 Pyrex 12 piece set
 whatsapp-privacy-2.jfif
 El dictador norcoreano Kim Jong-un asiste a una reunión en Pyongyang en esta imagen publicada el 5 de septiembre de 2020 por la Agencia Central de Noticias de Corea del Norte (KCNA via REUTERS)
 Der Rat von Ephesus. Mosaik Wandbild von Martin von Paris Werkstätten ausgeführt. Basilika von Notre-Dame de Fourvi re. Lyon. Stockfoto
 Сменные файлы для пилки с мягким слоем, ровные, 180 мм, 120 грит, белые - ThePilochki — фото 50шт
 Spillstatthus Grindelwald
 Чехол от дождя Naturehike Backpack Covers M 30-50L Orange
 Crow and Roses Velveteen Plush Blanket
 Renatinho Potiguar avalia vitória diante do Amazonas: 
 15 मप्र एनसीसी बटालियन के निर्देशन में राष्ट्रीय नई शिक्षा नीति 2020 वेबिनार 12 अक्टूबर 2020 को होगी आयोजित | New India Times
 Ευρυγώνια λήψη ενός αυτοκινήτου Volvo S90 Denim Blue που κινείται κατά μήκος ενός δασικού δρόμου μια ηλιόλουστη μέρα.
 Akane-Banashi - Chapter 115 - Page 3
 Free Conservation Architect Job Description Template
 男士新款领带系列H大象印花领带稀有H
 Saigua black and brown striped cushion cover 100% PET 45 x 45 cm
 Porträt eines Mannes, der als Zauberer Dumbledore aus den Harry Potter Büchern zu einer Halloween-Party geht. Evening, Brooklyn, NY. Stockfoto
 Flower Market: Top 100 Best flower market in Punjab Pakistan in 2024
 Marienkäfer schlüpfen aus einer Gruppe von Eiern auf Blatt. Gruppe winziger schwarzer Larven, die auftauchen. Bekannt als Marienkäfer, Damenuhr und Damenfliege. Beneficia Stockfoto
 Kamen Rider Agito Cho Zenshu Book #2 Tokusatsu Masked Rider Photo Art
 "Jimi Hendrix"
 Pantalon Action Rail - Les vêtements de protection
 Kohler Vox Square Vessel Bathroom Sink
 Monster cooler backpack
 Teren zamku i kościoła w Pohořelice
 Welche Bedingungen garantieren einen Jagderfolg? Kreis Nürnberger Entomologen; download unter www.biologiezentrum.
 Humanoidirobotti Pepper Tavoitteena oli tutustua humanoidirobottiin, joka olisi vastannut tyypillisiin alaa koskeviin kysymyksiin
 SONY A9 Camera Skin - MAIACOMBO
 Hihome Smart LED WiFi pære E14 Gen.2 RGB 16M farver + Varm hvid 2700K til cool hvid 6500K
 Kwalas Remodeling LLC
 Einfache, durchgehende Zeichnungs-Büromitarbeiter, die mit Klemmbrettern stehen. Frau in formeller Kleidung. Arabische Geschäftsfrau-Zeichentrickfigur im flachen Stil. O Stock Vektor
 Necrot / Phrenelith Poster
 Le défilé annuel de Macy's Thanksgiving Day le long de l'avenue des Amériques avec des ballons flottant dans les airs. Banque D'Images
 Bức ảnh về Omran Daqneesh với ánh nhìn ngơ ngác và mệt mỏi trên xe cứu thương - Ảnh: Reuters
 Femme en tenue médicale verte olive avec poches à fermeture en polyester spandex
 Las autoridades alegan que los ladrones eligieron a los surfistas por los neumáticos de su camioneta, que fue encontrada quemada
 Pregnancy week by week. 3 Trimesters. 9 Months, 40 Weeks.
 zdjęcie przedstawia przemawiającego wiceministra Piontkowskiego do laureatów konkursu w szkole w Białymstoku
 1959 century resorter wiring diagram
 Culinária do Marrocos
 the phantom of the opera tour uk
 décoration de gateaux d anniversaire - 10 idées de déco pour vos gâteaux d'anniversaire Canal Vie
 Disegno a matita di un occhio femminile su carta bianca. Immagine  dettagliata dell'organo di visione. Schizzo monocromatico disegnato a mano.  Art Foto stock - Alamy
+ + +
**ACTIVITY:**
The exact lines of the material above starting at the one that contains "Porträt eines Mannes, der" and ending at the one that contains "Monster cooler backpack" are what to retype; leave out everything else.

**THE ANSWER:**
 Porträt eines Mannes, der als Zauberer Dumbledore aus den Harry Potter Büchern zu einer Halloween-Party geht. Evening, Brooklyn, NY. Stockfoto
 Flower Market: Top 100 Best flower market in Punjab Pakistan in 2024
 Marienkäfer schlüpfen aus einer Gruppe von Eiern auf Blatt. Gruppe winziger schwarzer Larven, die auftauchen. Bekannt als Marienkäfer, Damenuhr und Damenfliege. Beneficia Stockfoto
 Kamen Rider Agito Cho Zenshu Book #2 Tokusatsu Masked Rider Photo Art
 "Jimi Hendrix"
 Pantalon Action Rail - Les vêtements de protection
 Kohler Vox Square Vessel Bathroom Sink
 Monster cooler backpack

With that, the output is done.